We’ve all tried to be supportive of Katie during this time, but really, it’s getting boring. All the cooing, all the concern, all of the “feeling the baby move,” is getting old, and we are, actually, starting to feel kind of duped. Some of us, and I am not naming names (Ryan) are beginning to float theories about Katie’s “pregnancy.” Now, I am not saying I agree that she is part of some type of monkey smuggling ring, but I am starting to give the theory more credence. It doesn’t help that she is starting to taunt us, sending out messages like this one I received tonight:
“I am never having this baby. It appears God or one of his cronies has played a cruel trick on me… Probably as punishment for being your friend.”The person suffering the most through all of this is (I mean, besides Katie) is her husband Ben. Being a lawyer he has made such helpful suggestions as shoving a tiny subpoena up Katie’s vagina to get the kid out. He (thankfully) gave up that suggestion when reminded the baby probably didn’t know how to read just yet. Ben then decided to stop thinking like a lawyer, and start thinking like a sports fan. Hence, the baby beard:
Ben says he is not shaving until the baby comes out. I don’t think he realizes this kid is never coming out. Actually, I don’t think he realizes much right now. Do you note the crazy look in his eye? That is the look of a man who has lost all common sense, and believes facial hair can bring on labor. If you see him on the street, please be kind.
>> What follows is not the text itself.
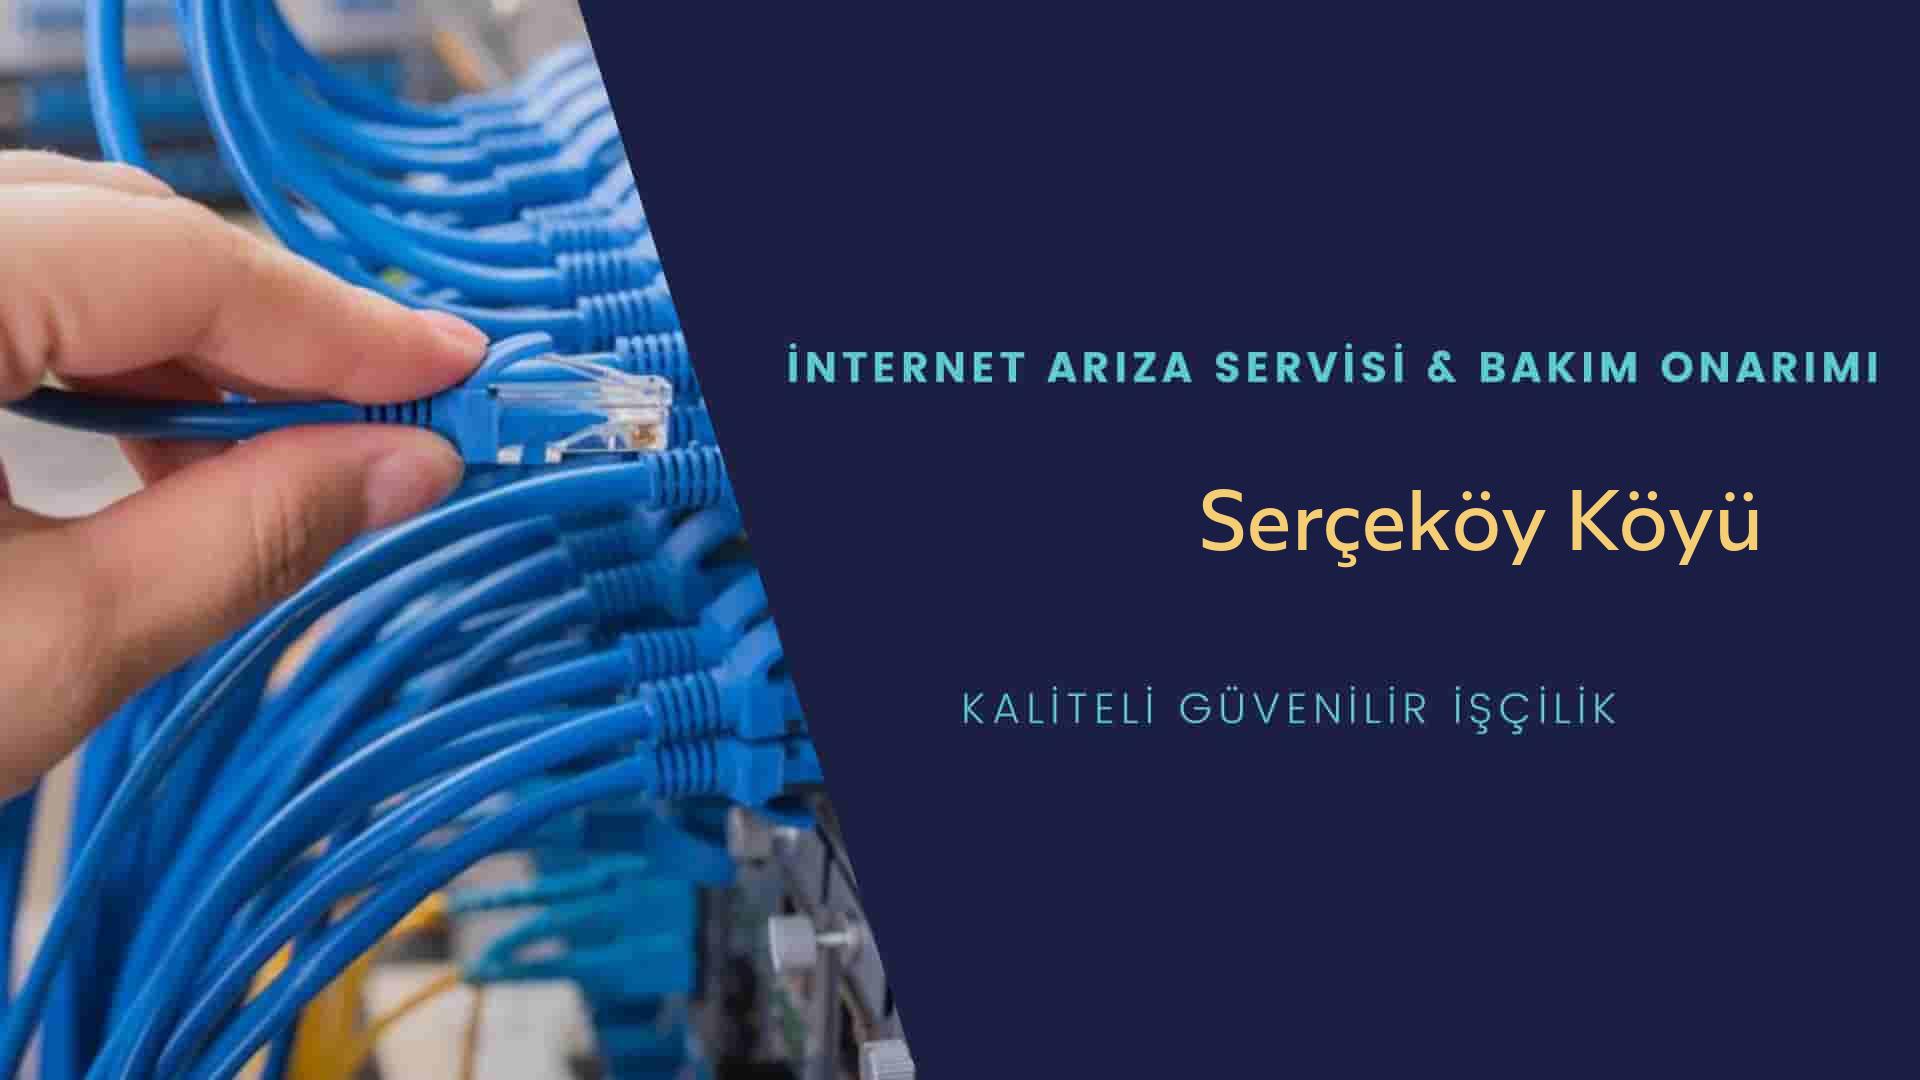 Serçeköy Köyü internet kablosu çekimi yapan yerler veya elektrikçiler mi? arıyorsunuz doğru yerdesiniz o zaman sizlere 7/24 yardımcı olacak profesyonel ustalarımız bir telefon kadar yakındır size.

Maybe Katie is just holding out for a show on TLC. After all, the “family with way too many kids” concept is tired out, but the “couple slowly going crazy due to a child that won’t be born” could be the next new hit. I mean, especially if Ben keeps up with the beard… I just hope I get a development credit.
1 comments:
Oh! Excellent! I'm gonna start that! And since we're inducing on Monday, it's really just an excuse not to shave this weekend.